• _WHAT THIS TASK INVOLVES_: Output the data word for word, dropping every image.

• _SUPPLIED DATA_:
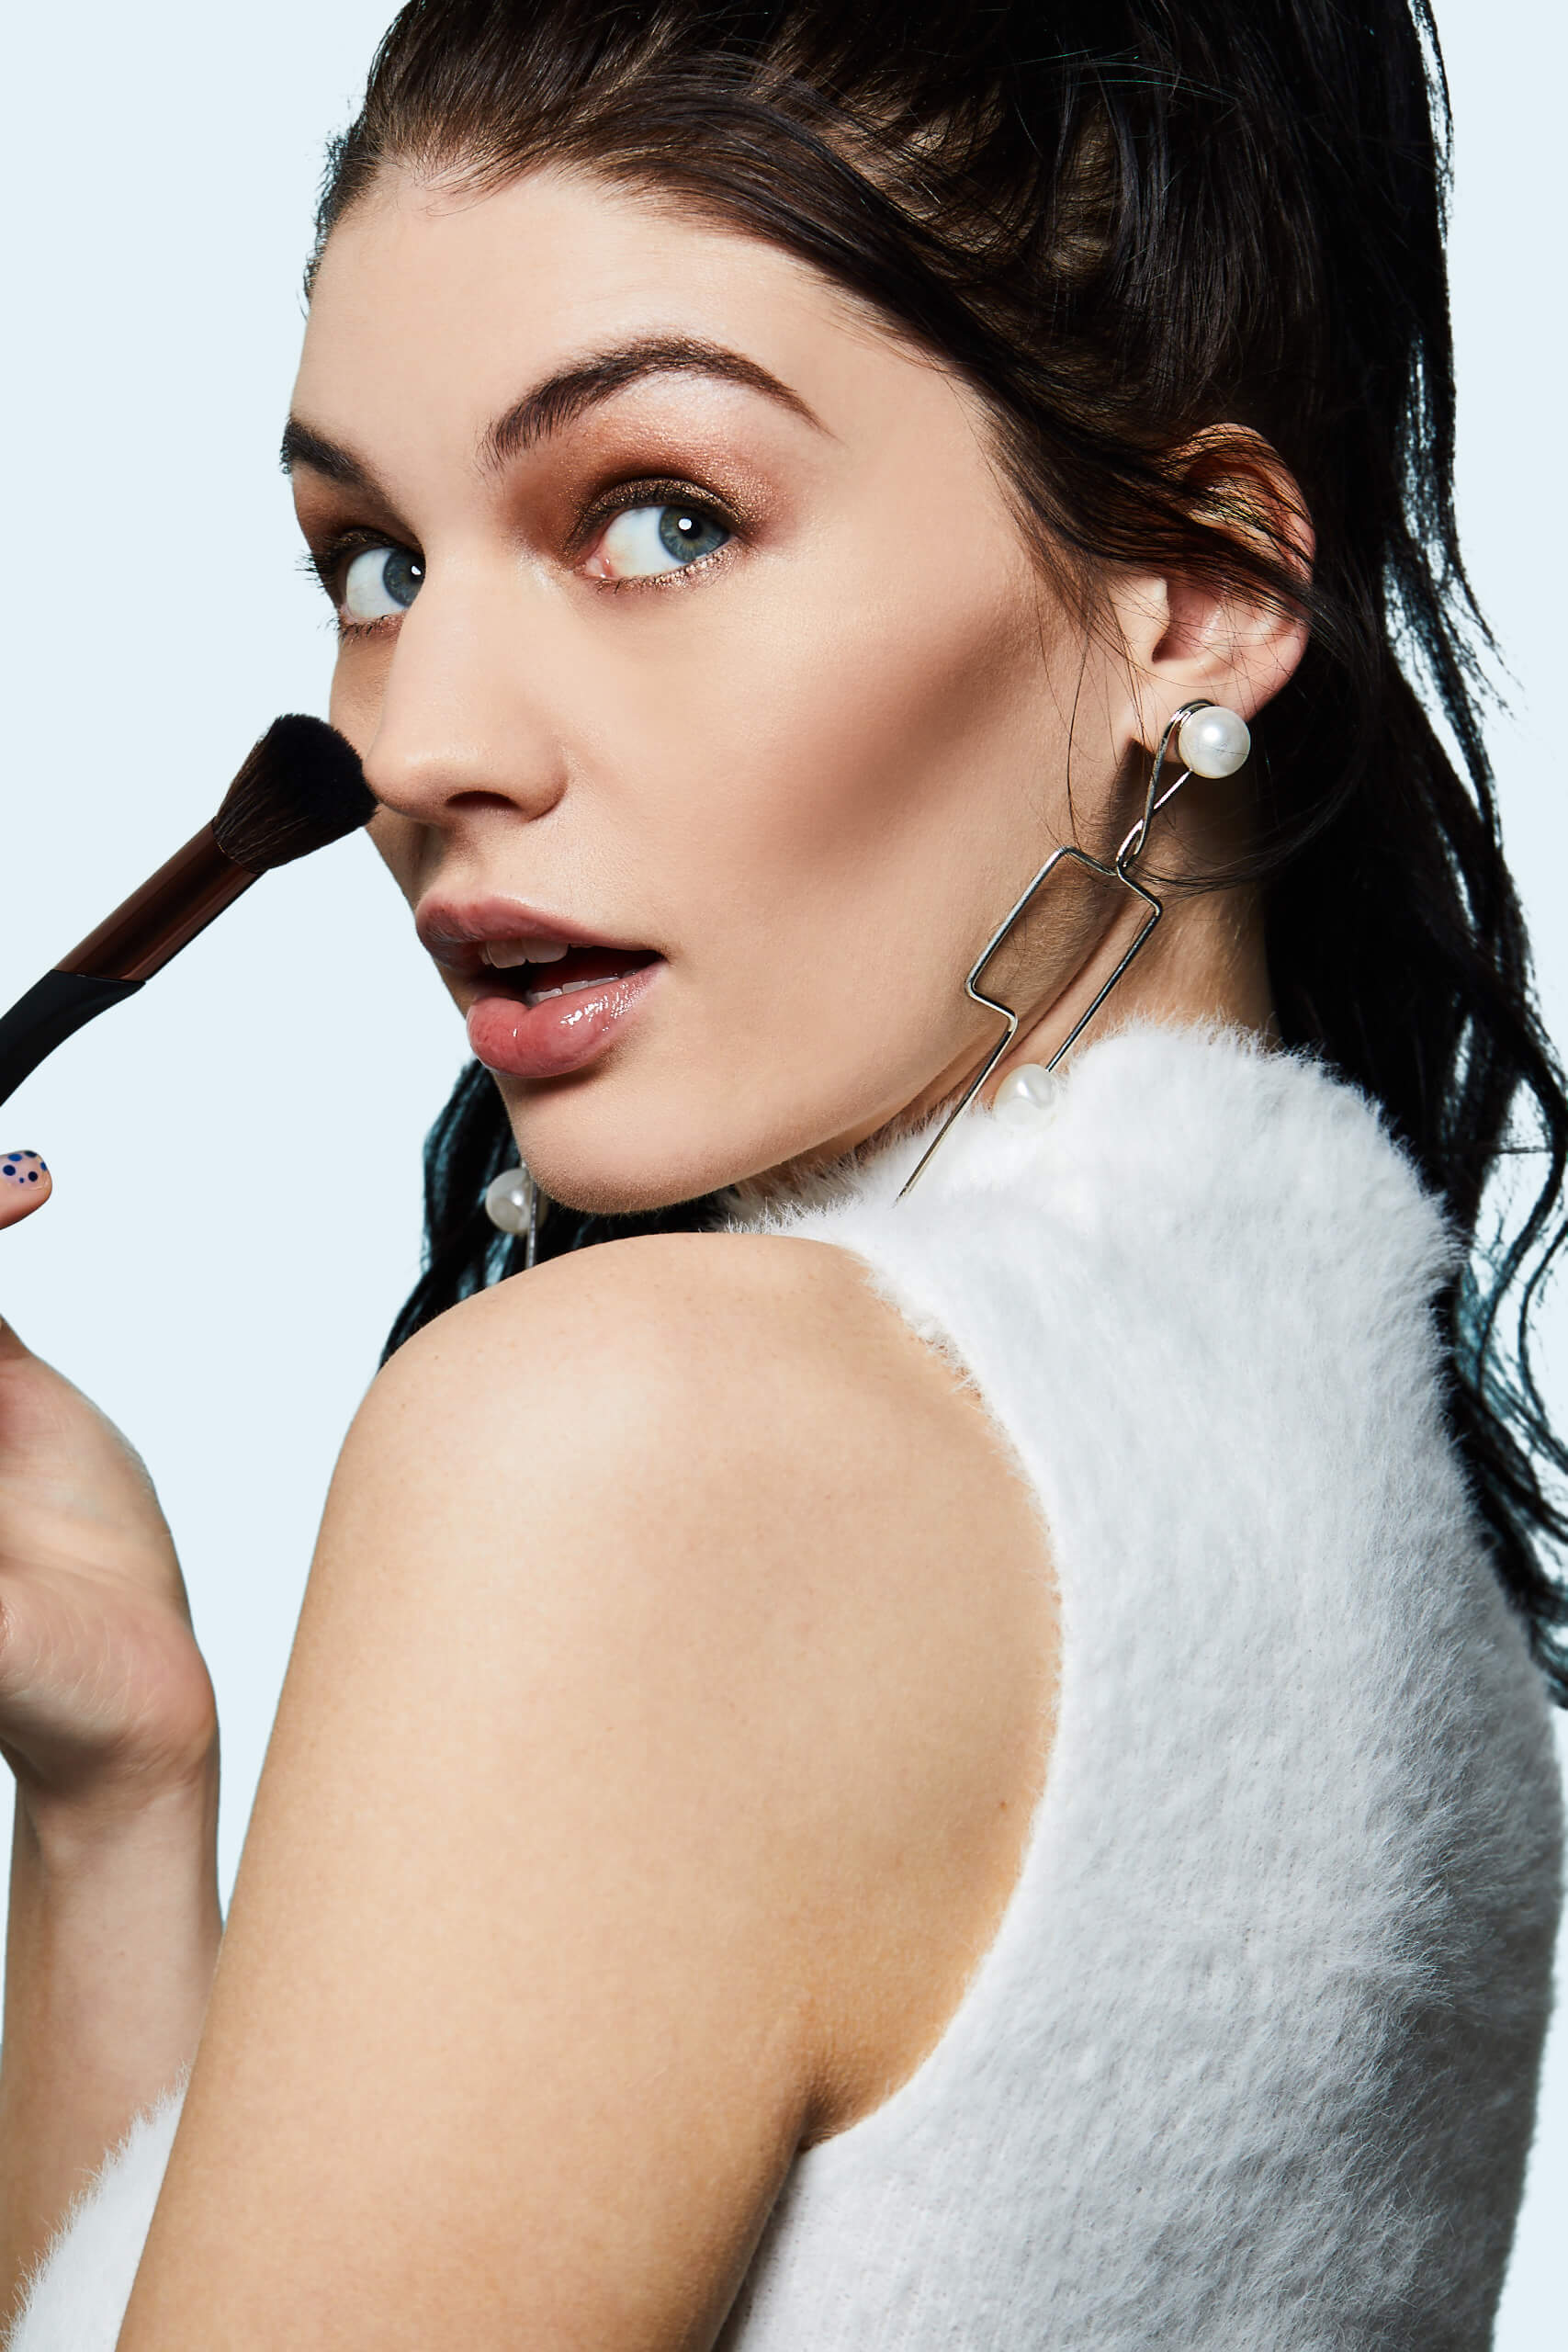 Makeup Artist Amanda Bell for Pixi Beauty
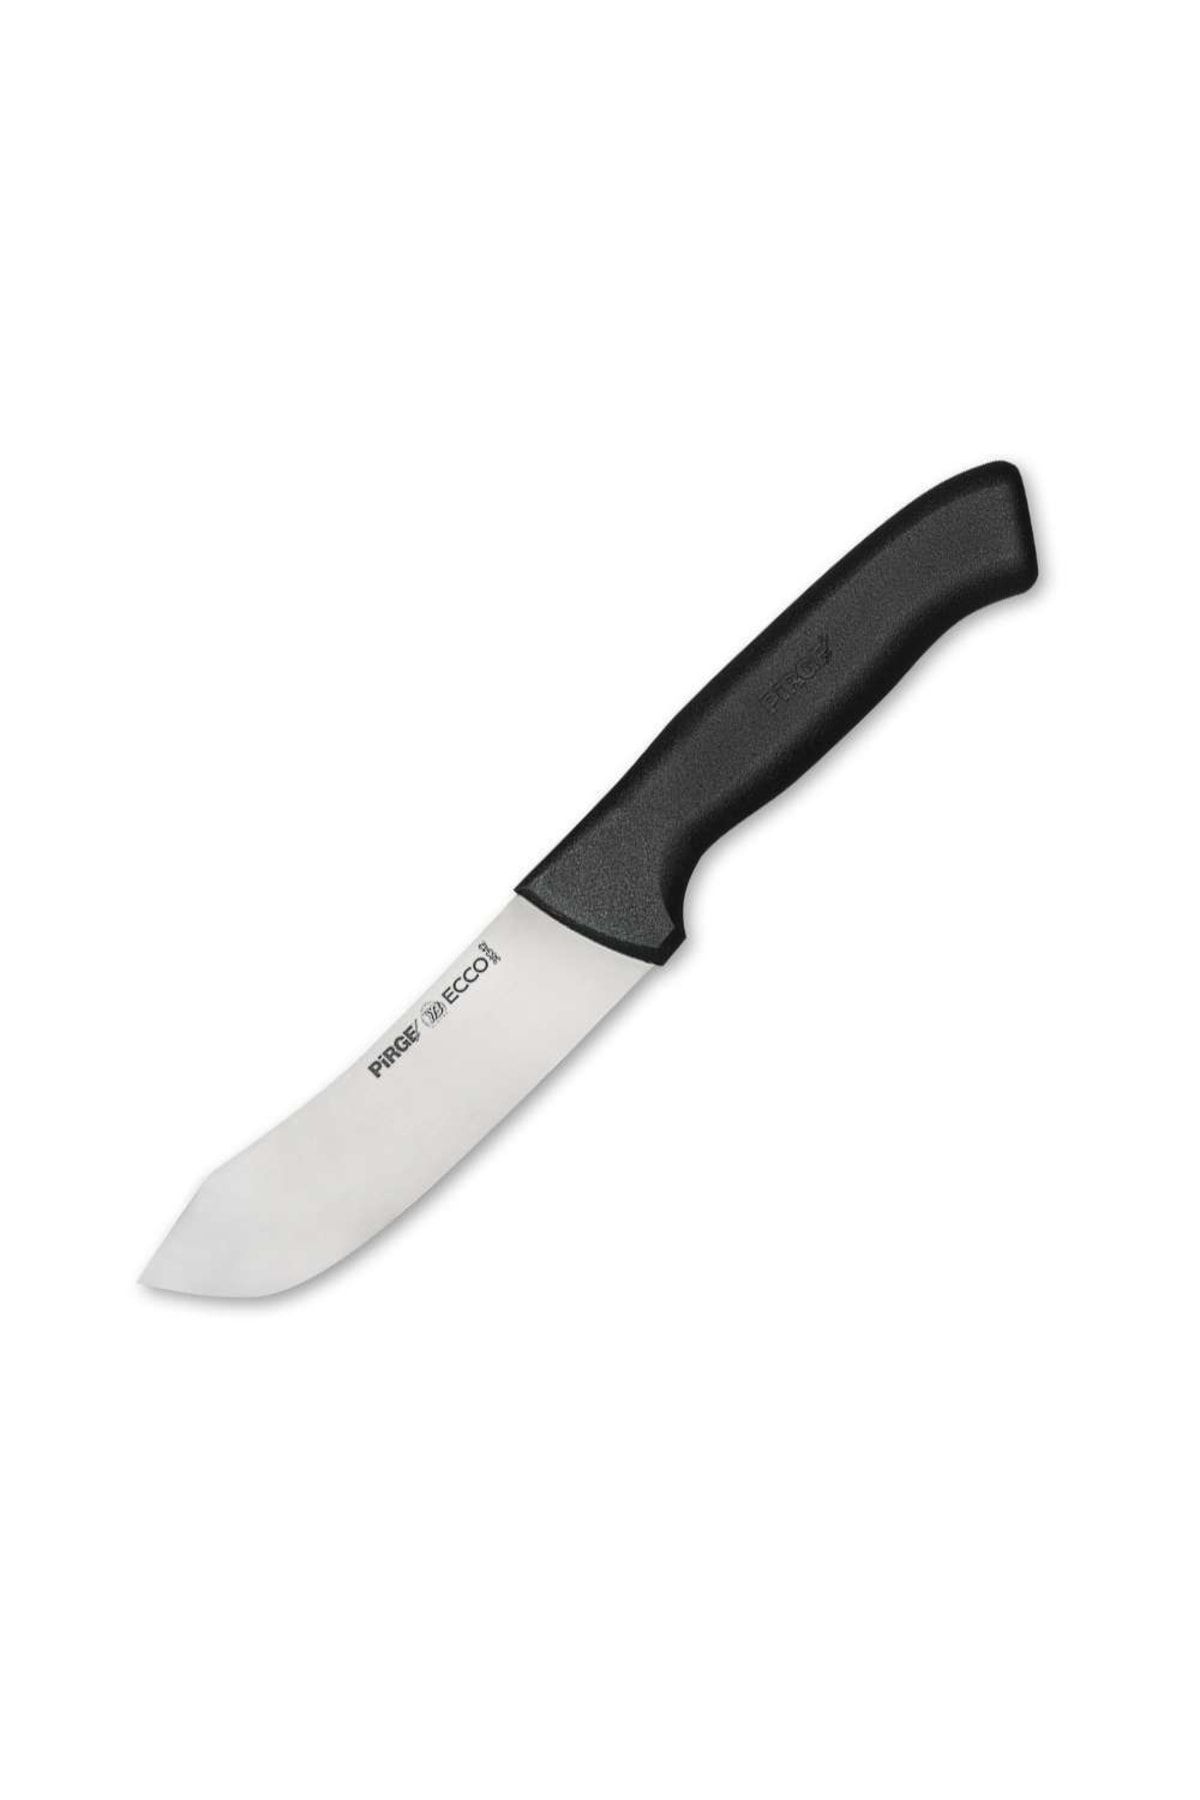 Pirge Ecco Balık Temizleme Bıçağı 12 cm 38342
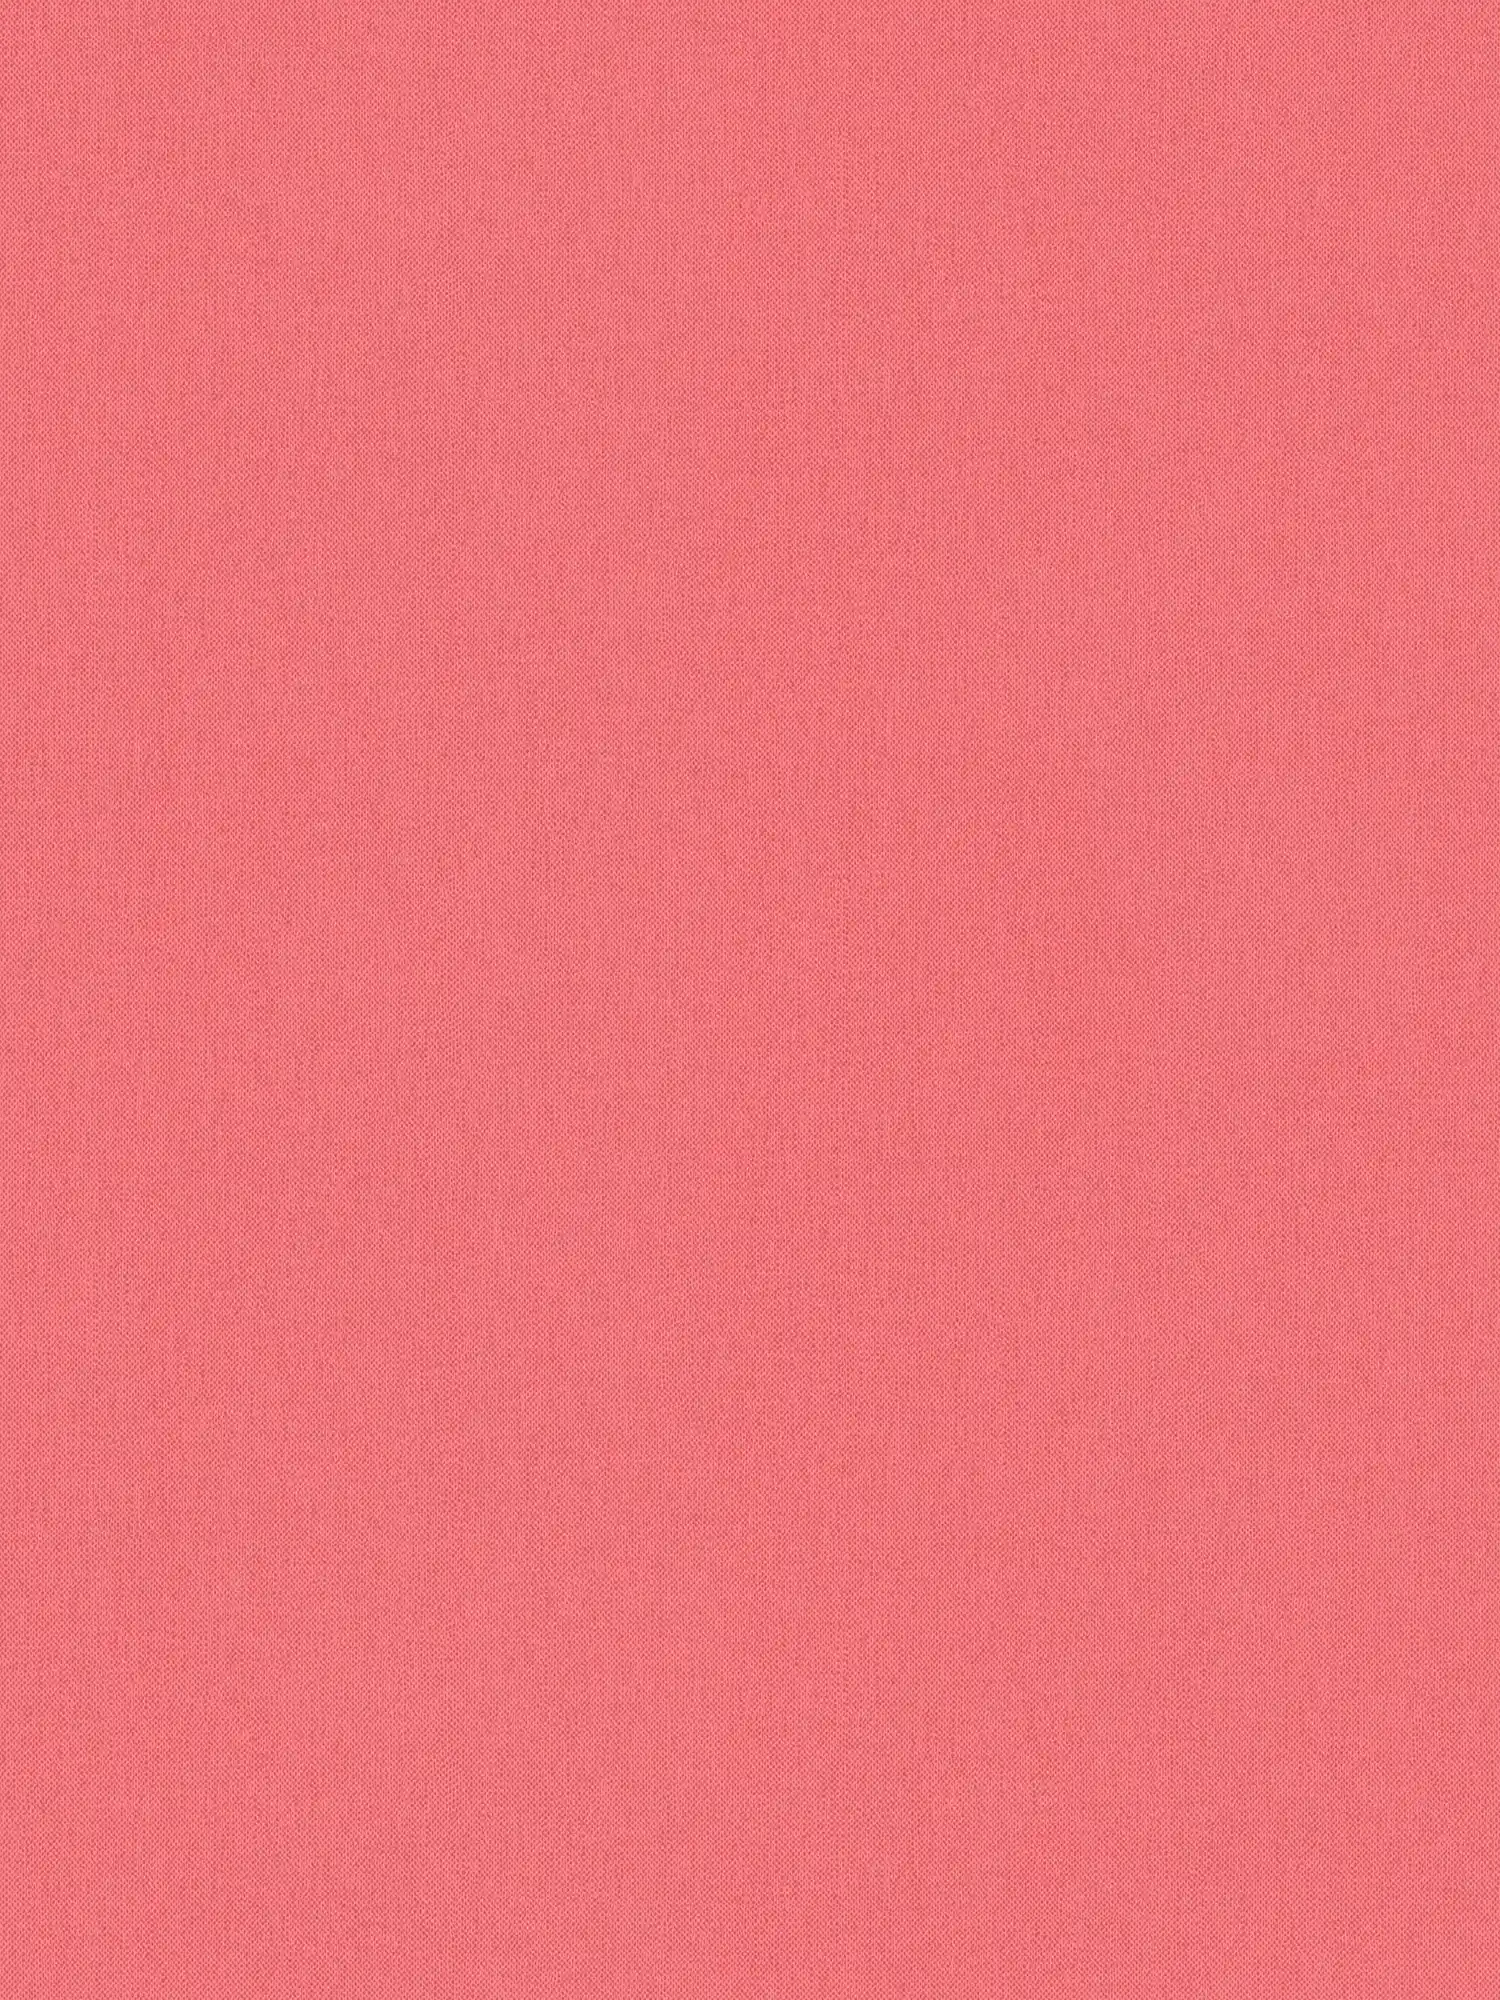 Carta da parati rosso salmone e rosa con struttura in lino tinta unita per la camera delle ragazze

• _TASK RESULT_:
 Makeup Artist Amanda Bell for Pixi Beauty
 Pirge Ecco Balık Temizleme Bıçağı 12 cm 38342
 Carta da parati rosso salmone e rosa con struttura in lino tinta unita per la camera delle ragazze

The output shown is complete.